EXERCISE INSTRUCTIONS
Give every line of the data again, unchanged, but with no pictures.

DATA PROVIDED
------------------------------------------------

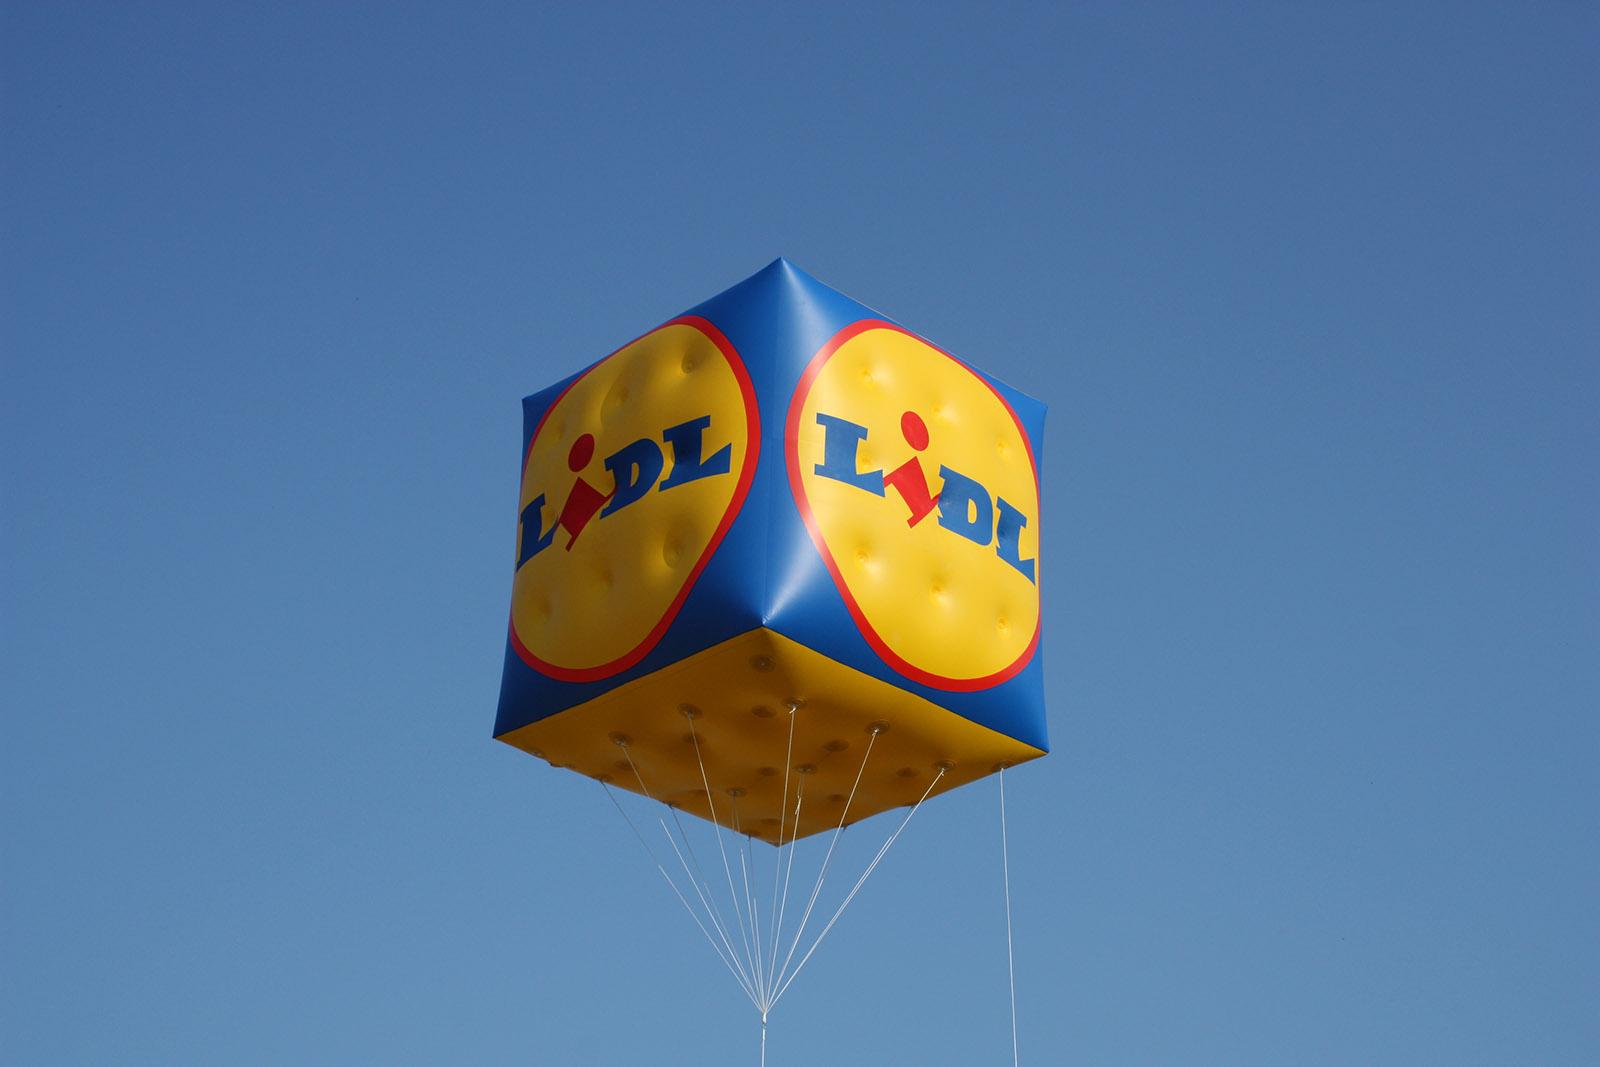 Ein großer Helium-Würfel, den wir im Auftrag für LIDL erstellt haben.
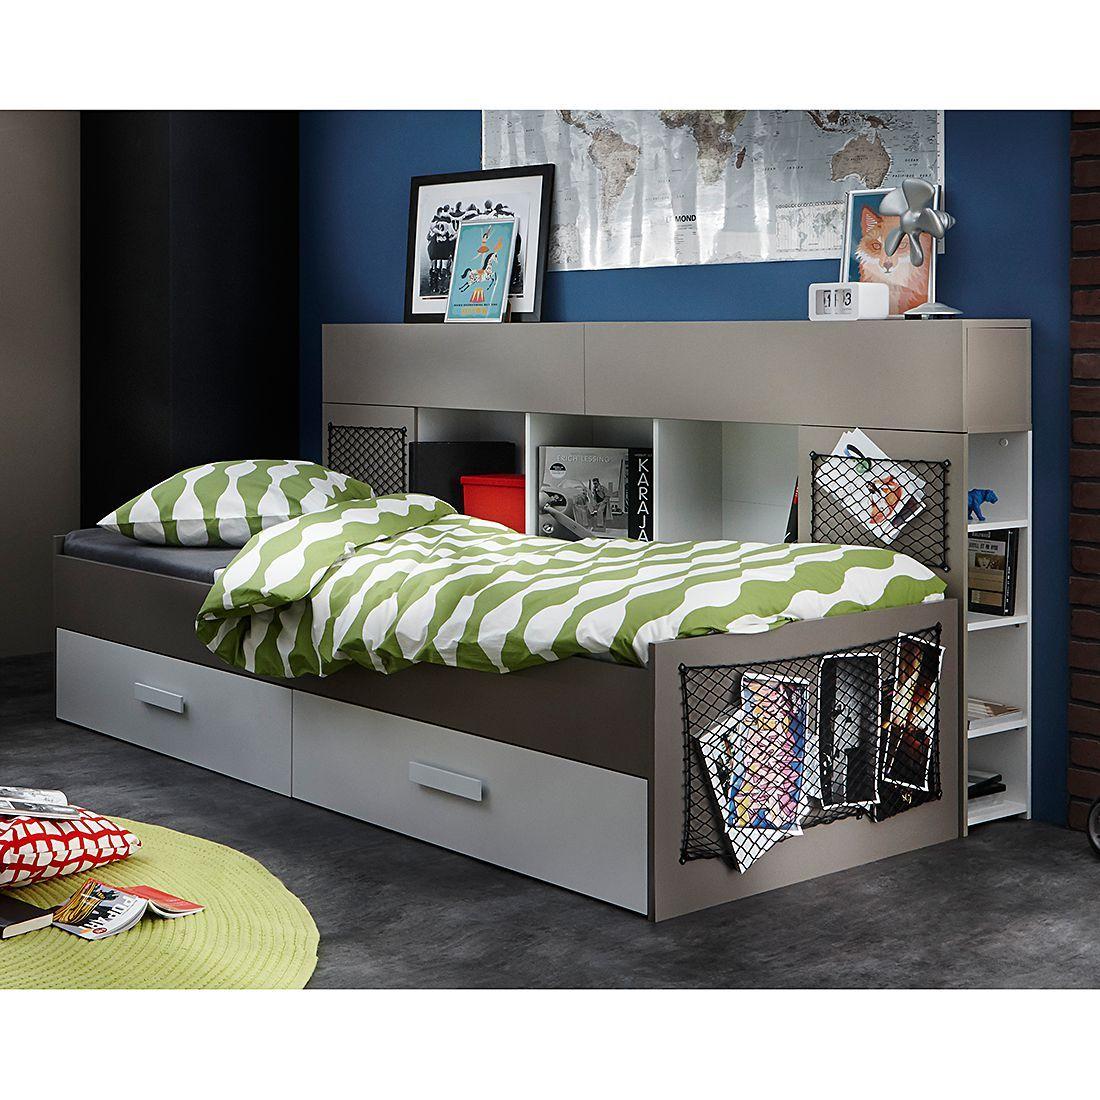 Lit Multi Rangements Texto Acheter Home24 Meuble Chambre Chambre Ado Lit Decoration Lit
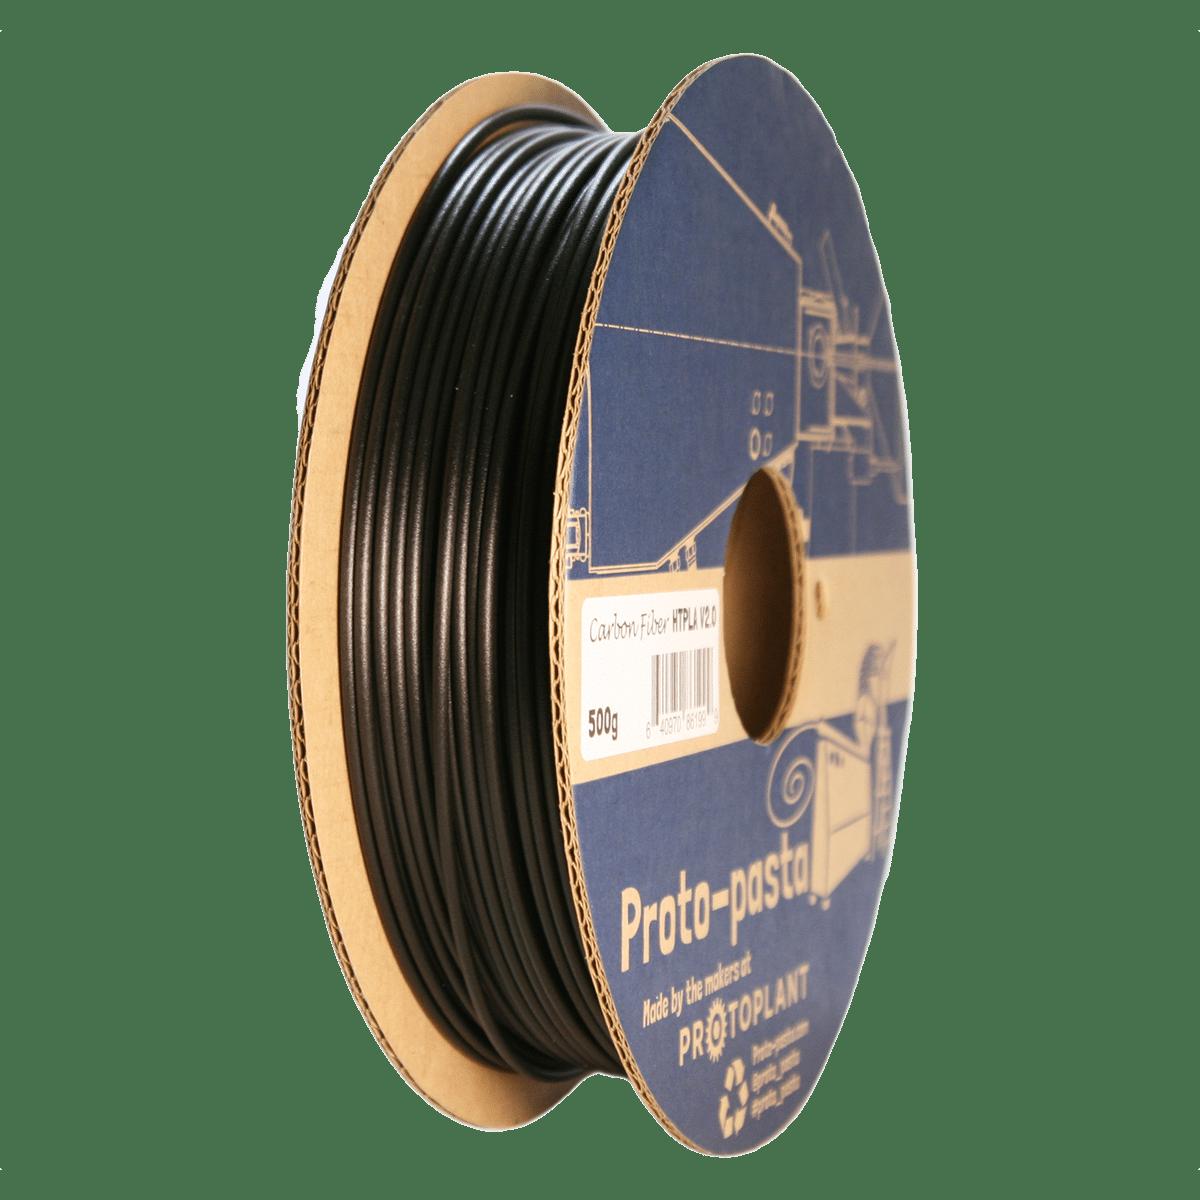 Billede af Proto-pasta High Performance HTPLA V2 Carbon Fiber 1,75mm 500g

------------------------------------------------

REPLY
 Ein großer Helium-Würfel, den wir im Auftrag für LIDL erstellt haben.
 Lit Multi Rangements Texto Acheter Home24 Meuble Chambre Chambre Ado Lit Decoration Lit
 Billede af Proto-pasta High Performance HTPLA V2 Carbon Fiber 1,75mm 500g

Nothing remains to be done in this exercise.